The 1% Rule: How Tiny Scales Make a Massive Dragon


When we picture a dragon, we usually think of the fire. We see the huge wingspan. We imagine the ground shaking when it lands.

Because of this image, we make a mistake about success. We think that to be successful, we need to take massive action. We think we need to make earth-shattering changes overnight. We try to breathe a massive fireball immediately.

But that is not how a dragon is born.

If you look closely at a dragon’s armor, you see thousands of tiny individual scales. Real power doesn’t come from one big event. It comes from polishing your “scales”—your small daily habits—one by one.

The Story of the British Cyclists

To understand this, let’s look at the British professional cycling team.

For 100 years, they were mediocre. Since 1908, they had won only a single gold medal at the Olympics. They were actually so bad that a top bike manufacturer refused to sell them bikes because they didn’t want to hurt their brand’s reputation.

Then, in 2003, they hired a new coach named Dave Brailsford.

Dave didn’t ask the riders to train 10 hours more a day. He didn’t try to change everything at once. He used a strategy called the “aggregation of marginal gains.”

In simple English, this means: Improve everything by just 1 percent.

cyclist 37x better

They looked for tiny scales to polish:

  • They redesigned bike seats to be more comfortable.
  • They rubbed alcohol on tires for better grip.
  • They taught riders the best way to wash their hands to stop them from getting sick.
  • They even painted the inside of their truck white so they could spot tiny bits of dust on the bikes.

These sound like small things that don’t matter. But when you add them all up, the results are massive. Just five years later, the British team won 60 percent of the gold medals at the Beijing Olympics in their category.

The Math of the Dragon

There is a mathematical formula for this success.

If you can get just 1 percent better each day for one year, you will end up 37 times better by the time you are done.

$$1.01^{365} = 37.78$$

However, this works the other way, too. If you get 1 percent worse each day, your skills decline down to nearly zero.

Think of your habits like “compound interest.” Money multiplies through compound interest, and the effects of your habits multiply as you repeat them.

The Invisible Flight Path

flight path example

Why do we often ignore small changes? Because we don’t see the results immediately.

If you go to the gym today, you won’t be in shape tonight. If you study a language for an hour, you won’t be fluent tomorrow. Because we don’t see the result, we quit.

Think of it like an airplane pilot flying from Los Angeles to New York City.

If the pilot turns the nose of the plane just 3.5 degrees south, the passengers won’t notice. The nose of the plane moves just a few feet.

But, over the long journey across the United States, that tiny change means the plane lands in Washington D.C., not New York.

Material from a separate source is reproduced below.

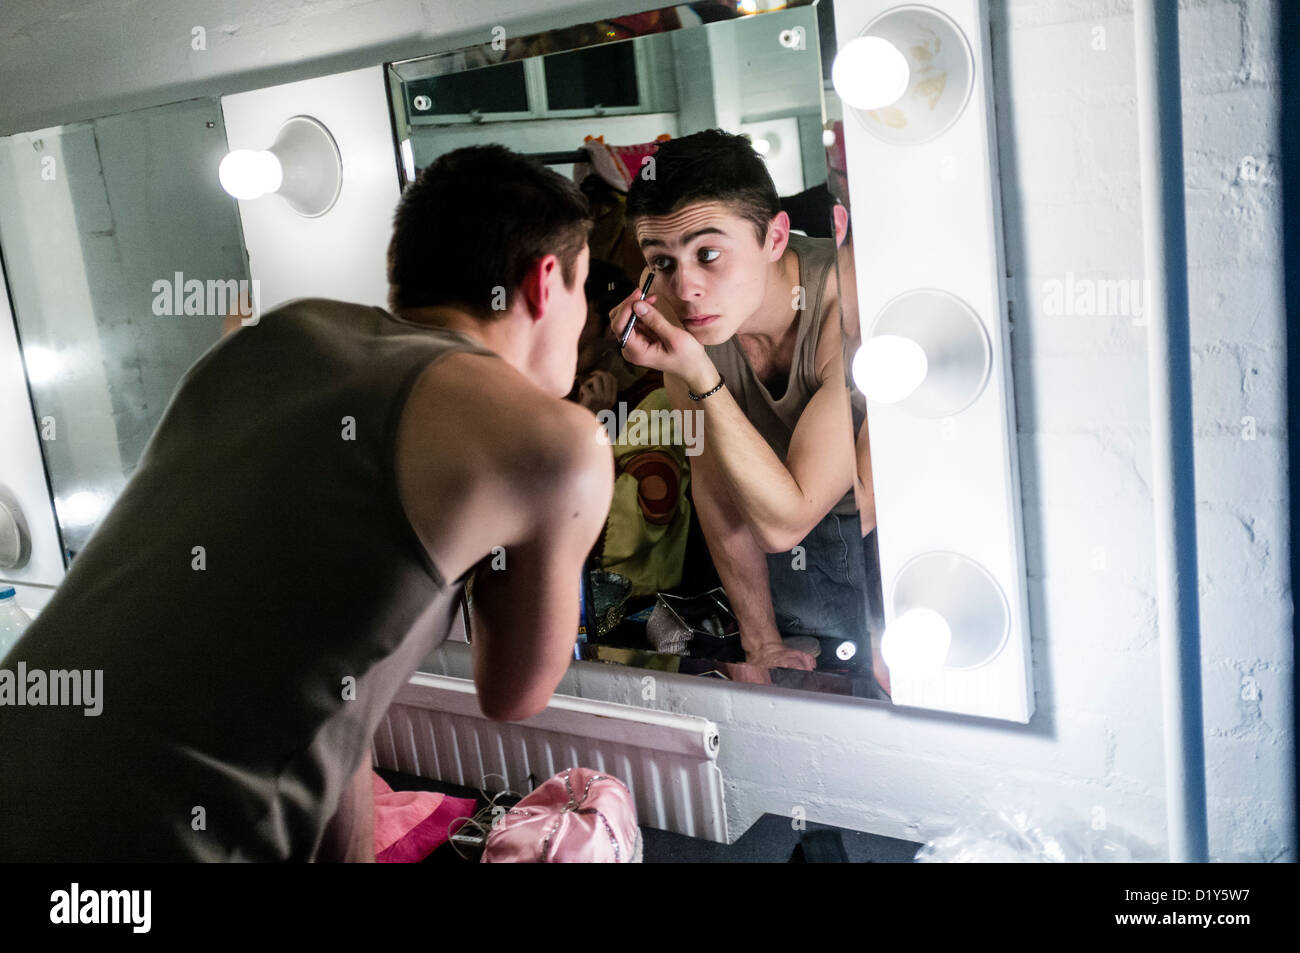 Un acteur masculin l'application make-up avant qu'une pantomime amateur Aladdin, UK Banque D'Images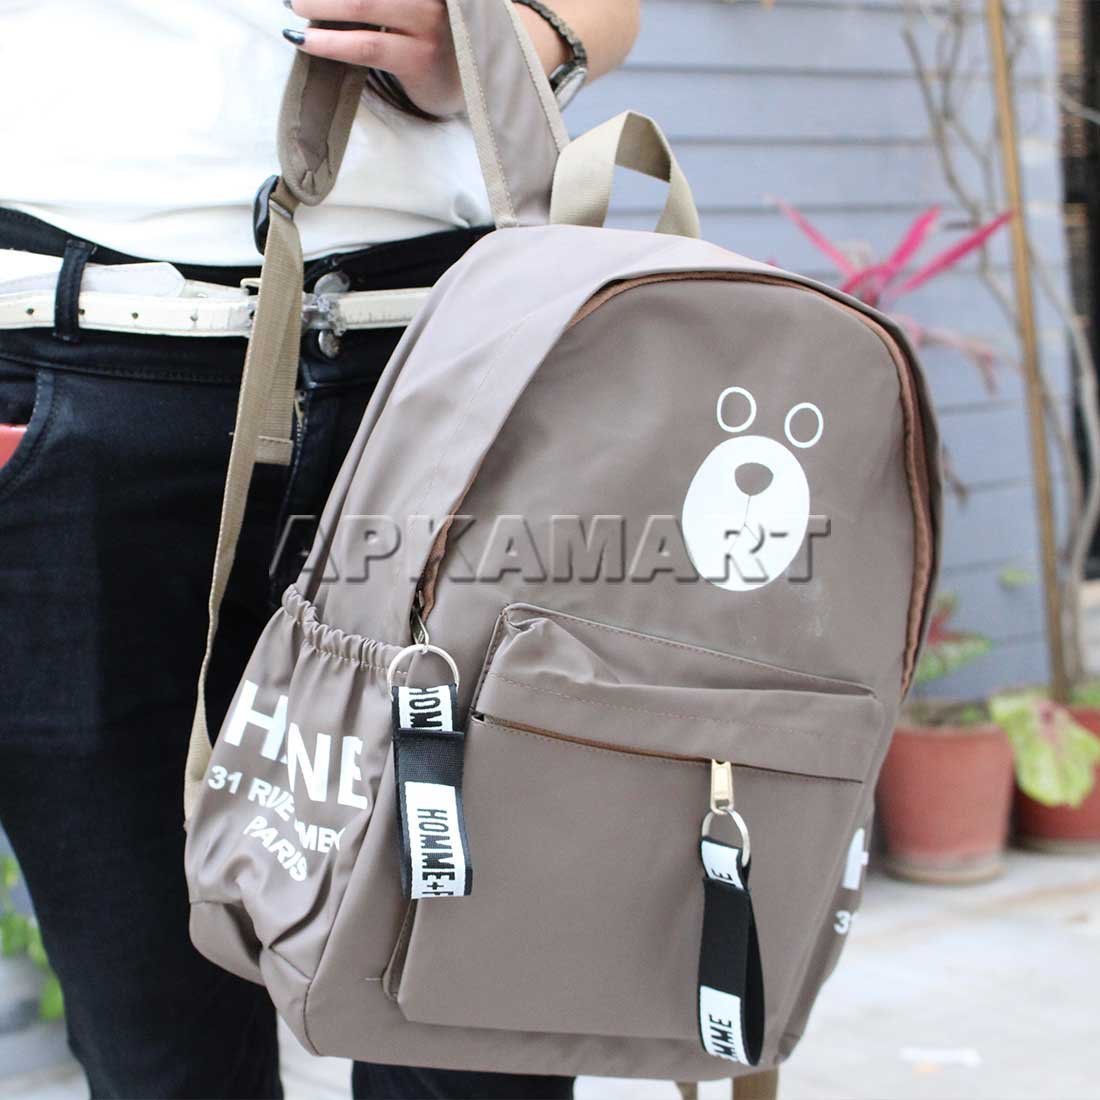 Backpack Bag | Shoulder Bags for Women - 14 Inch - ApkaMart

Your habits are the pilot. A tiny shift today changes your destination completely. You should care more about your trajectory (where you are headed) than your current results (where you are now).

Your Challenge: Polish One Scale

Success is the product of daily habits, not once-in-a-lifetime transformations.

So, here is your challenge for today. Stop looking at the giant pile of gold at the end of the journey. Look down at your armor.

Identify one tiny “scale” to polish today.

  • Do one pushup.
  • Read one page of a book.
  • Drink one glass of water instead of soda.

Do it today. Then, do it again tomorrow. That is how you build a dragon.